MyPillow, a Minnesota-based bedding manufacturer founded by Mike Lindell, has been targeted by a ransomware group. This adds the company to a growing list of organizations that are currently under cyber extortion threats. As a result of the unauthorized access to a broad range of sensitive corporate and personal records, identified as Play, the threat actor claims that payroll data, financial information, tax information, identification information, and internal business files have been exfiltrated.
The claims have attracted attention due to the sensitive nature of the alleged exposed data, even though Lindell has denied the allegations and described them as politically motivated. As a result of this incident, the risks associated with modern ransomware campaigns are evolving, resulting from increased data theft and public exposure, which often accompany or replace traditional file encryption methods.
MyPillow has become increasingly aware that its network has been compromised and its company data has been stolen as further details emerge from the alleged intrusion. It was reported that CEO Mike Lindell dismissed the claims when they first emerged in May 2025, however, the threat actors later released approximately 9.8 gigabytes of data via a dark-web leak portal, a tactic commonly used to pressure organizations unwilling to negotiate ransom.
There are 11,456 files reported in the dataset dating from 2011 through 2026, indicating that historical records of the company have been preserved alongside more recent information about the company.
This exposure indicates that the attackers obtained sensitive operational data, including payroll records and financial transactions, indicating the potential depth of the compromise, as well as raising further concerns about how long unauthorised access will remain within the company's network.
Play's dark-web leak portal revealed the allegations of MyPillow, listing the company among its claimed victims and setting a deadline for public release of purportedly stolen information if ransom negotiations failed. The allegations gained further visibility when MyPillow appeared there.
Ransomware operations are evolving in a broader sense, with attackers increasingly stealing data and threatening to publish it, as opposed to relying solely on file encryption to threaten victims.
In the ransomware ecosystem, data-centric extortion tactics are becoming increasingly popular.
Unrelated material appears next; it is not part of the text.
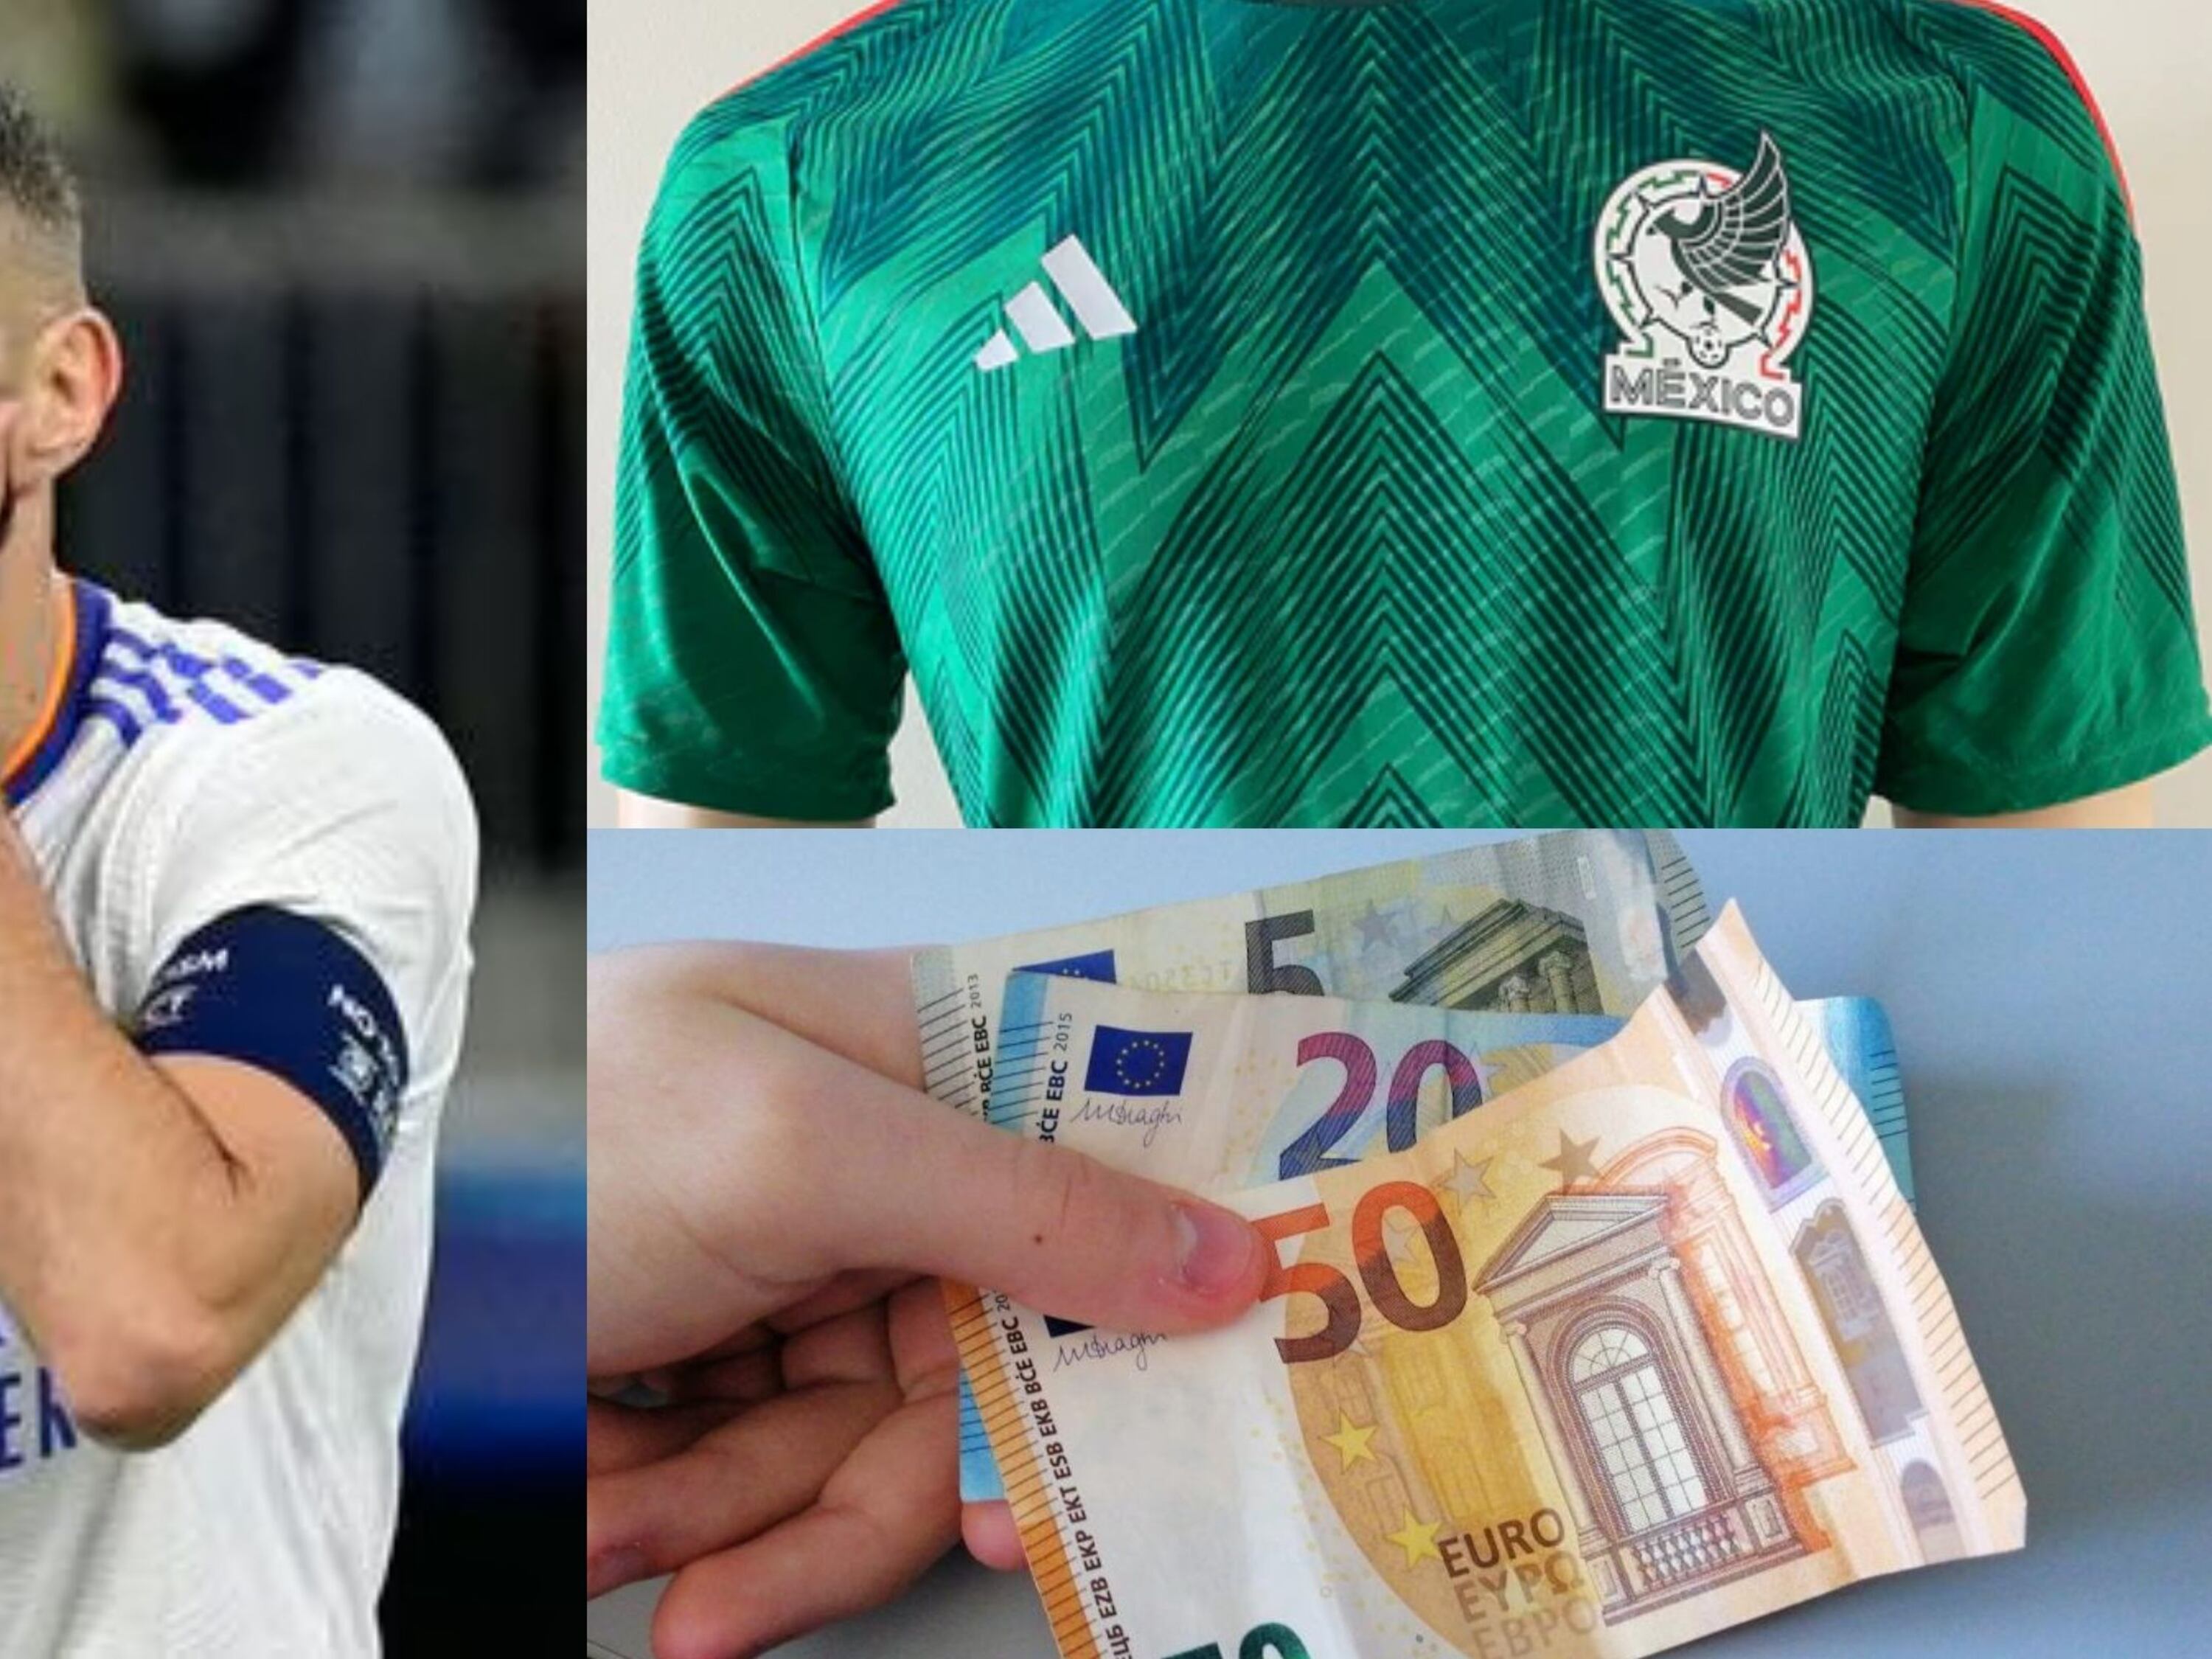 El jugador de México que bailó al Real Madrid, ahora ganaría 75 euros

Modern threat groups increasingly prioritize stealing sensitive information over system encryption as a means of disrupting business operations. By leveraging the threat of public disclosure, they are exerting pressure on victims by leveraging the theft of sensitive information. By adopting this approach, organisations become more vulnerable to reputational damage, regulatory scrutiny, legal liabilities, and heightened concerns about employee and customer privacy as a result of an incident.
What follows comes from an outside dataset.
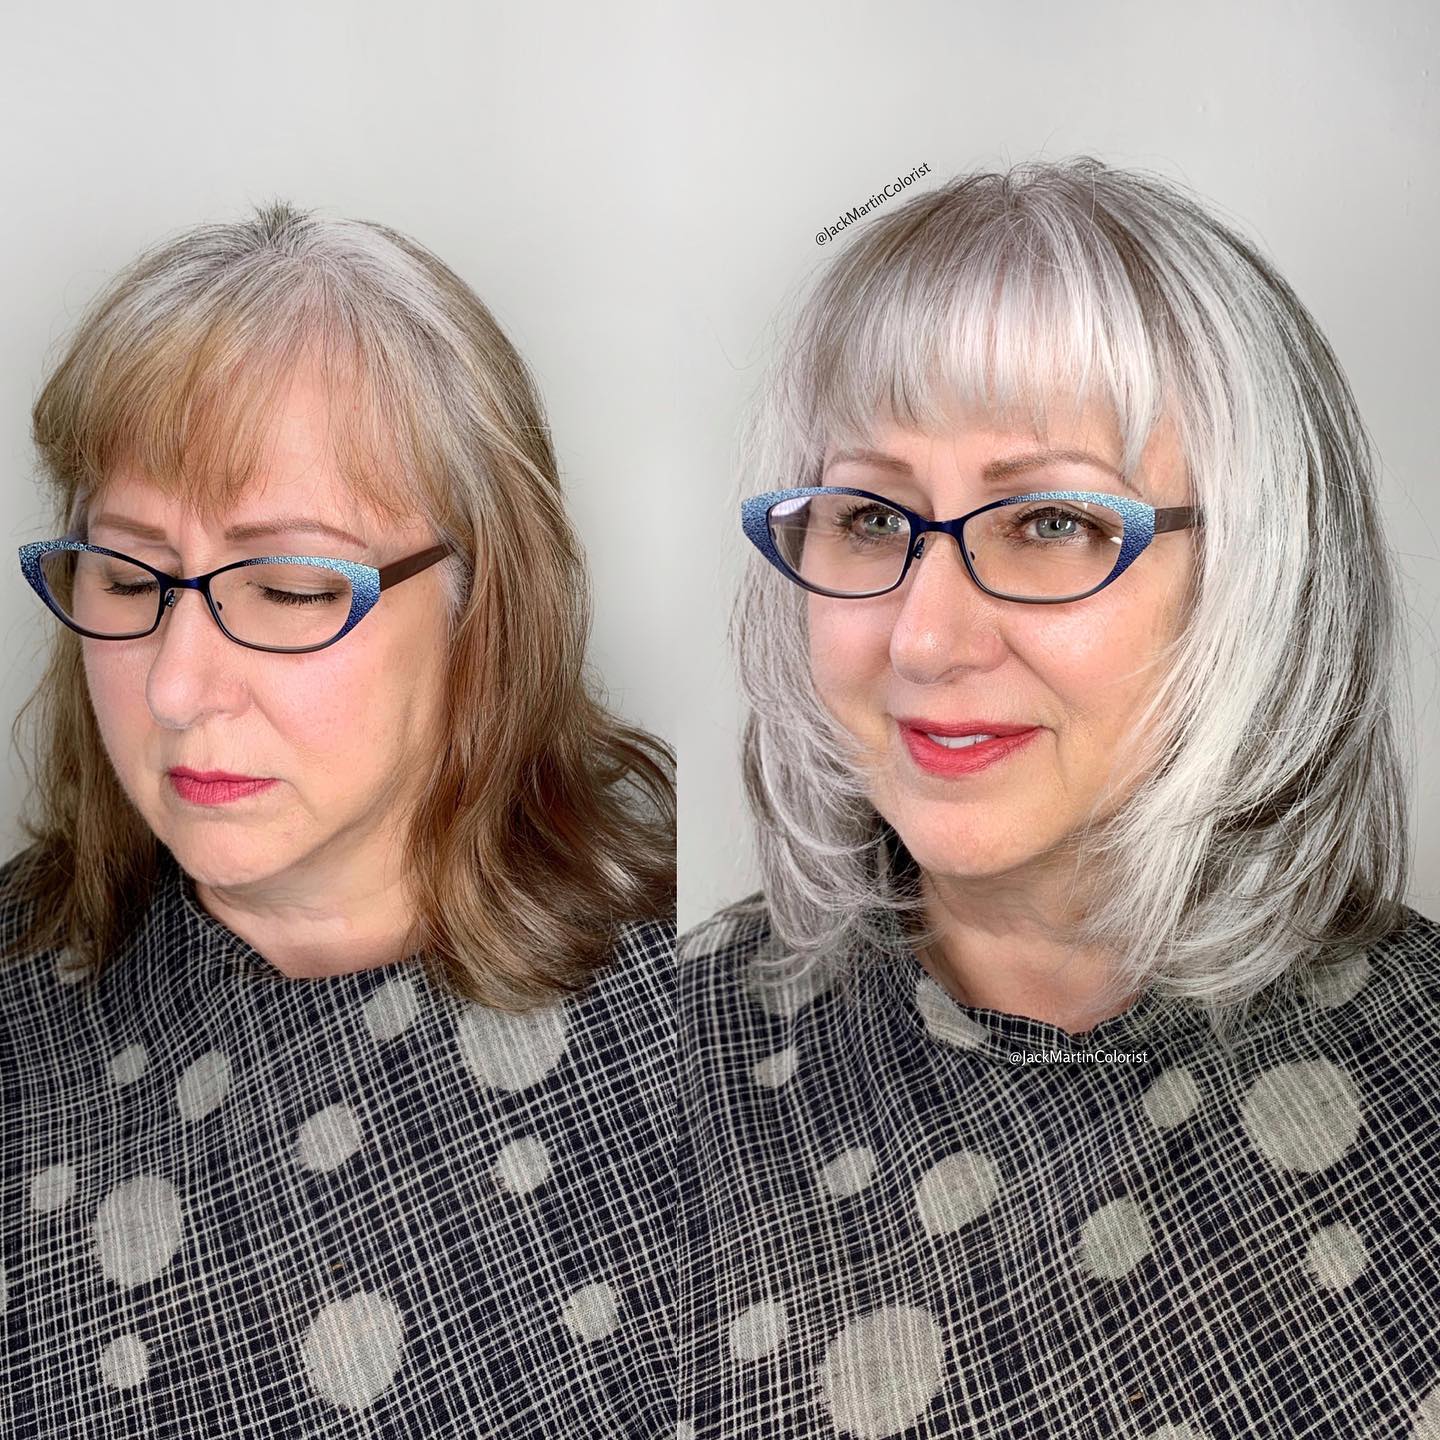 Staircase cut for gray hair: 12 elegant, modern ideas

The lack of verification can lead to unverified claims of data compromise quickly escalating to a broader business risk, prompting questions about the security posture of the organization and the integrity of data that has been entrusted to it from stakeholders, partners, insurers, and regulators.
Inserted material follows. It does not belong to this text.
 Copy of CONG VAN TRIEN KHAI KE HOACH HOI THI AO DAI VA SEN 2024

In addition to the nature of the alleged cyber intrusion, the incident has gained heightened public attention as a result of the company's and its leadership's high profile.
During Mike Lindell's tenure, MyPillow has grown beyond its flagship bedding products to include mattresses, linens, bath products, nutritional supplements, coffee, and snacks.
Since Lindell is a political activist and continues to promote disputed claims regarding the 2020 U.S. presidential election, MyPillow's public profile extends beyond retail. These claims have resulted in multiple legal challenges, making any major development involving the company likely to be of interest to individuals outside the cybersecurity community as well.
The consequences of such an unverified claim of data compromise are that it quickly escalates into a broader business risk, causing stakeholders, partners, insurers, and regulators to inquire about the organization's security posture and the integrity of data entrusted to it. Due to the nature of the alleged cyber intrusion as well as the profile of the company and its management, the incident has heightened public attention.
Since Mike Lindell has become President of MyPillow, it has expanded its product line beyond its bedding offerings to encompass mattresses, linens, bath products, nutritional supplements, coffee, and snack items. Due to Lindell's political activism and ongoing promotion of disputed claims surrounding the 2020 United States presidential election, MyPillow's public profile has extended beyond retail.
A number of legal challenges have been brought against the company for these claims, making any major development involving the company likely to draw attention from outside the cybersecurity community as well.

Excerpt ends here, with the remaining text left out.